## Task
Would you retype the whole listing exactly, leaving its pictures out?

## Data section
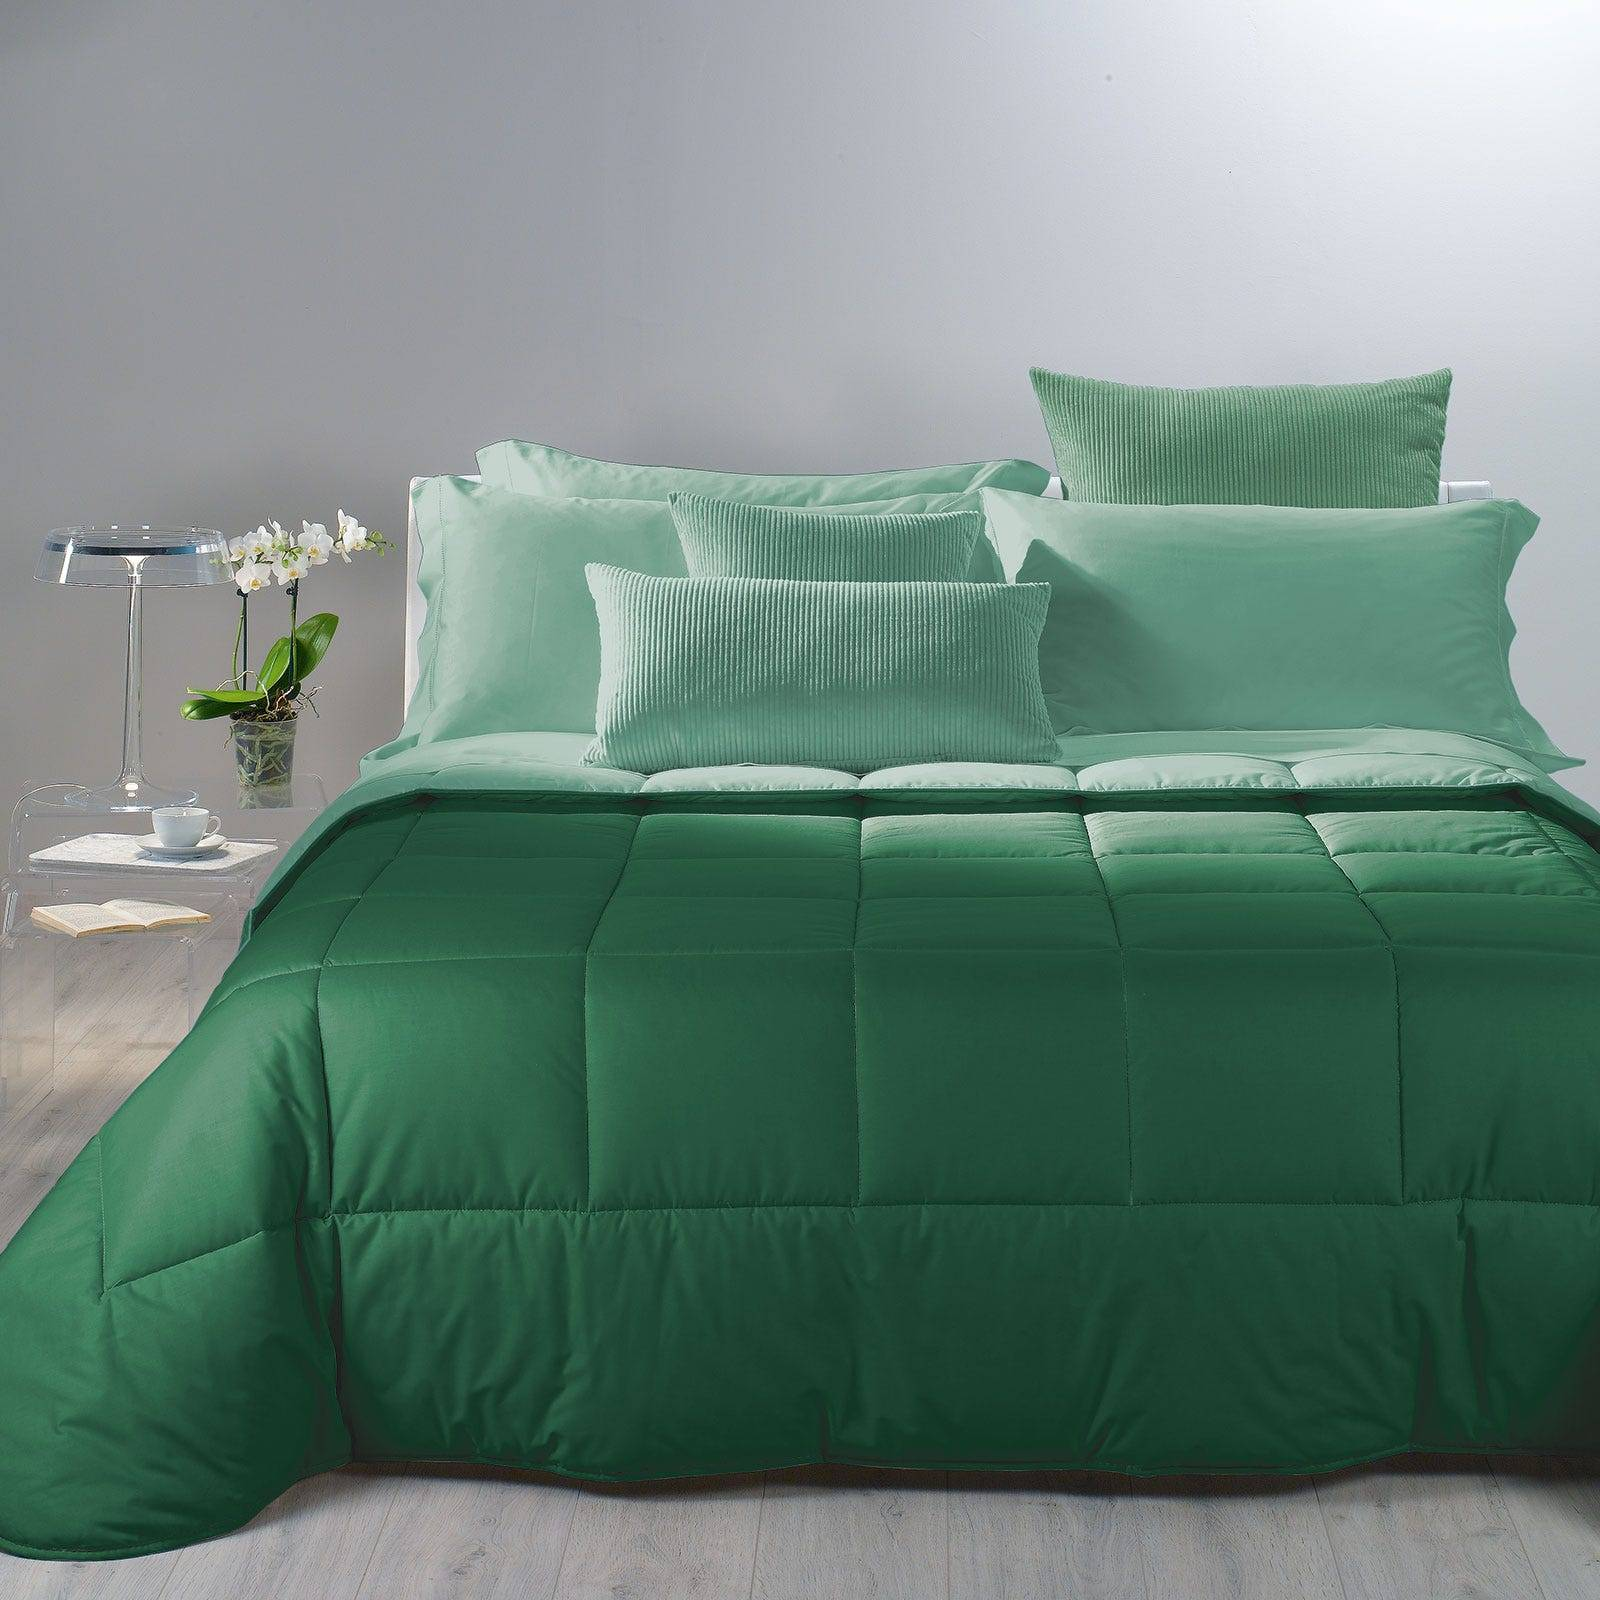 Caleffi Trapunta Bicolor Matrimoniale Verde in Cotone
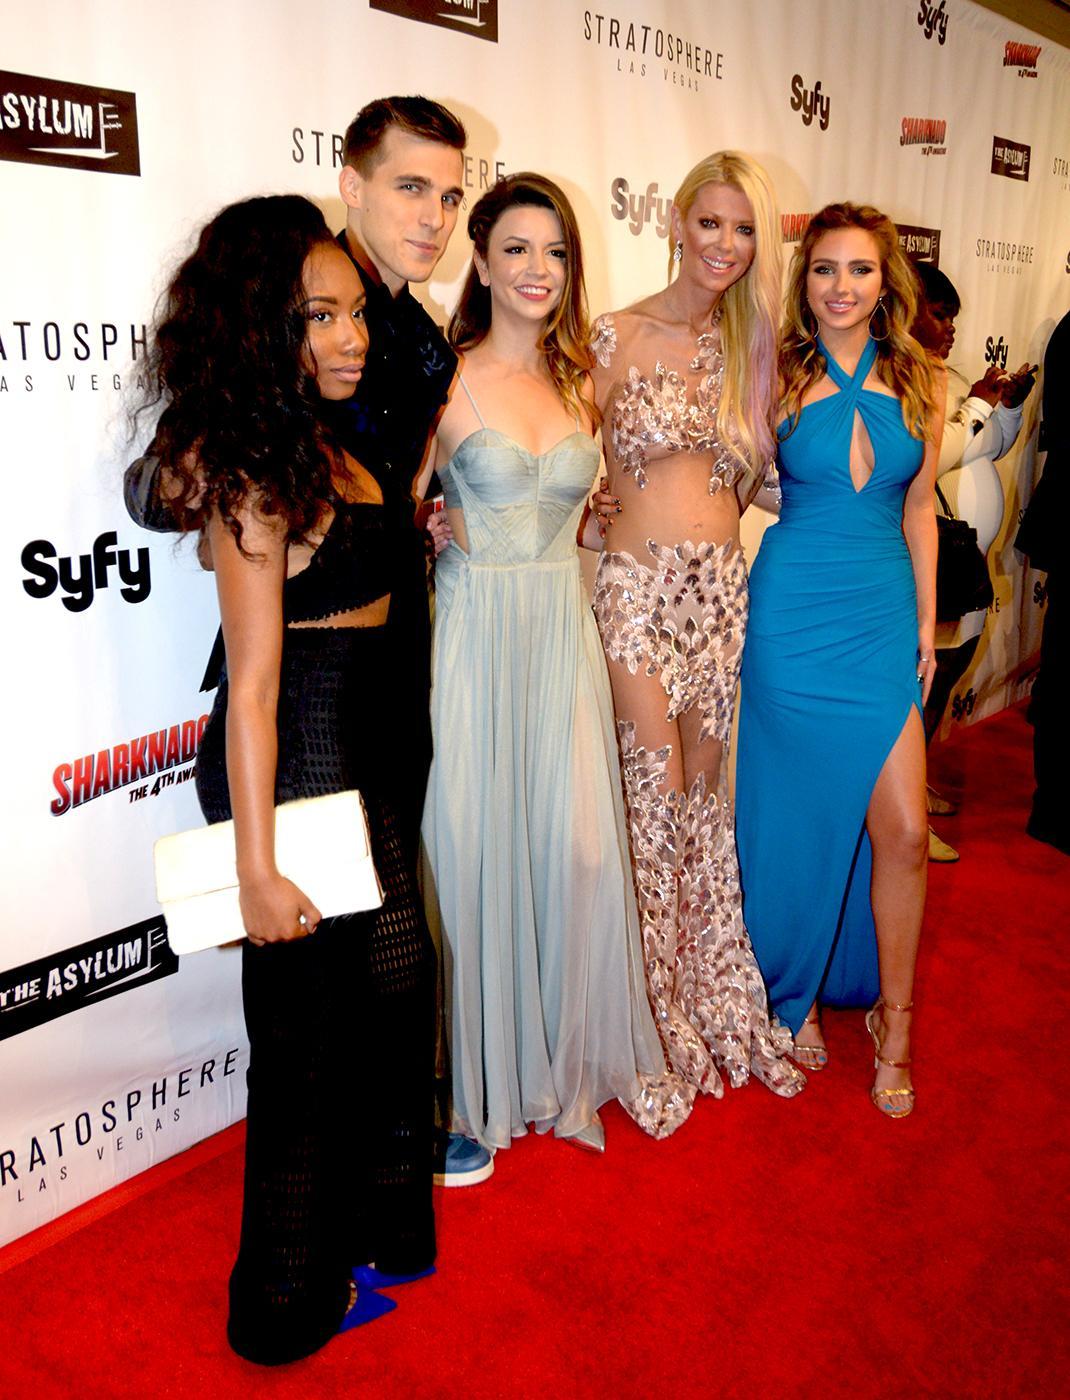 Sharknado Cast Memebers Imani Hakim Cody Linley Masiela Lusha Tara Reid And Ryan
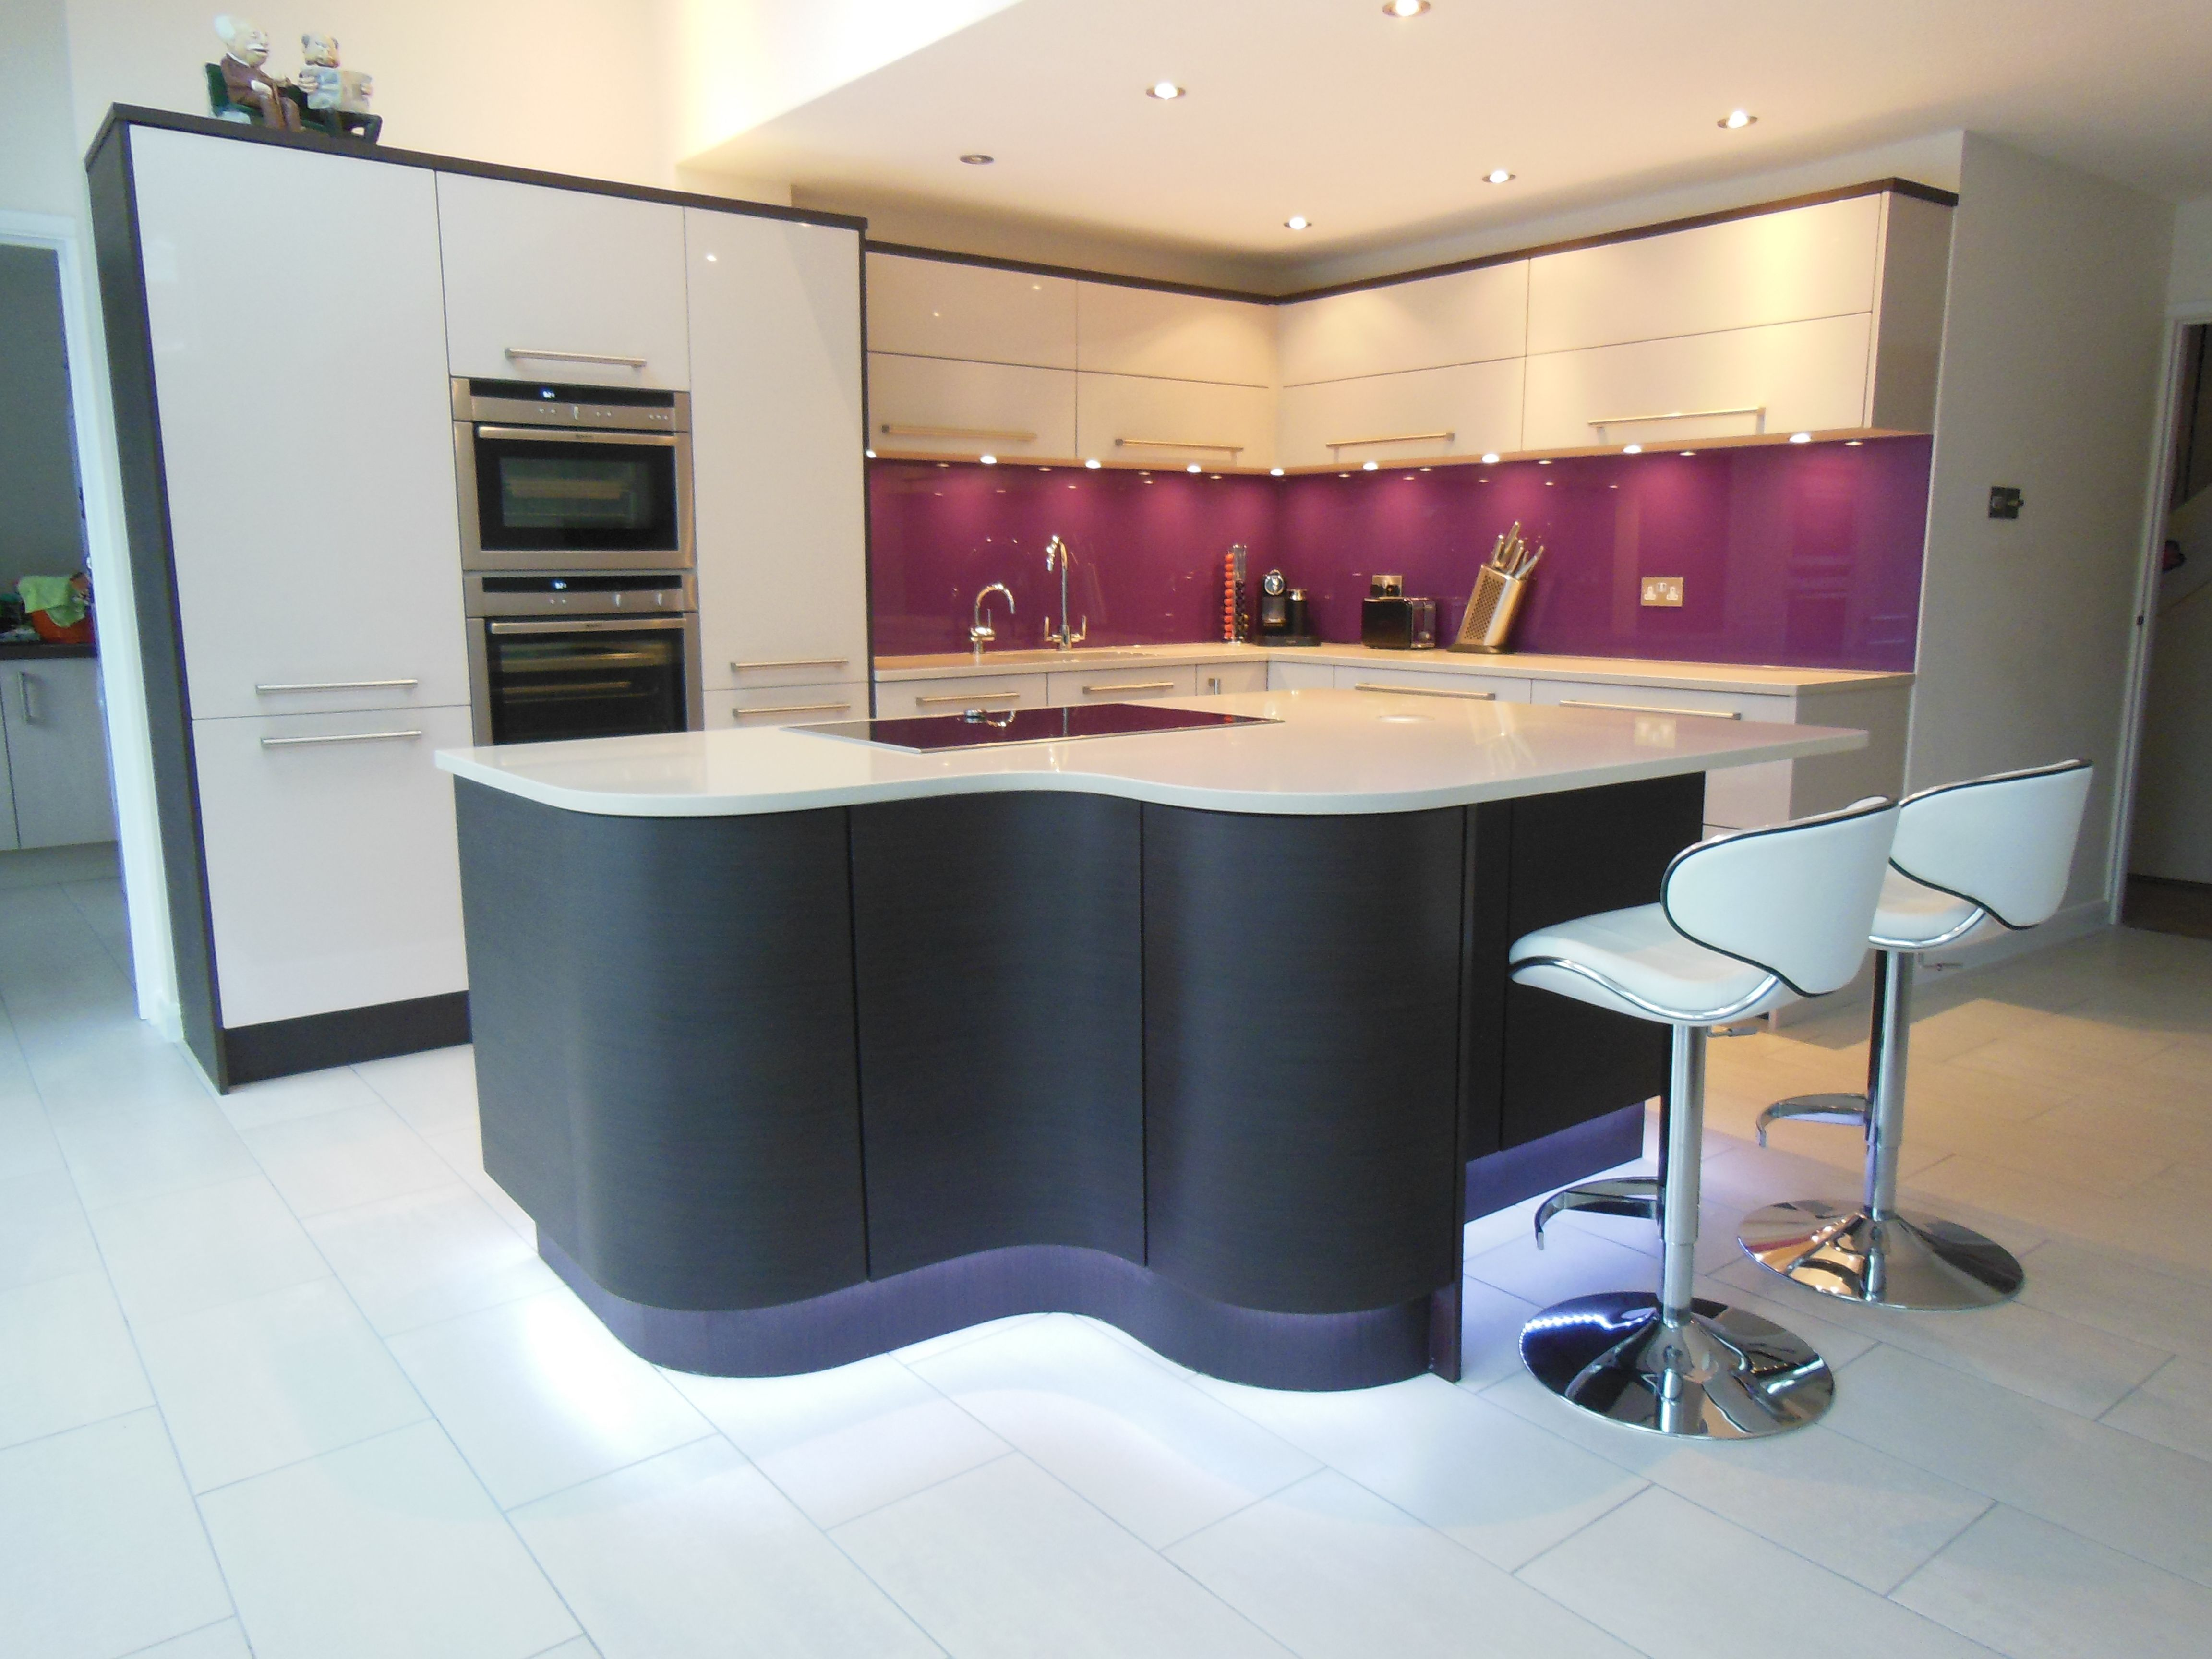 Elements Kitchen Design - Bespoke Kitchen | elements bespoke ...

## Result
 Caleffi Trapunta Bicolor Matrimoniale Verde in Cotone
 Sharknado Cast Memebers Imani Hakim Cody Linley Masiela Lusha Tara Reid And Ryan
 Elements Kitchen Design - Bespoke Kitchen | elements bespoke ...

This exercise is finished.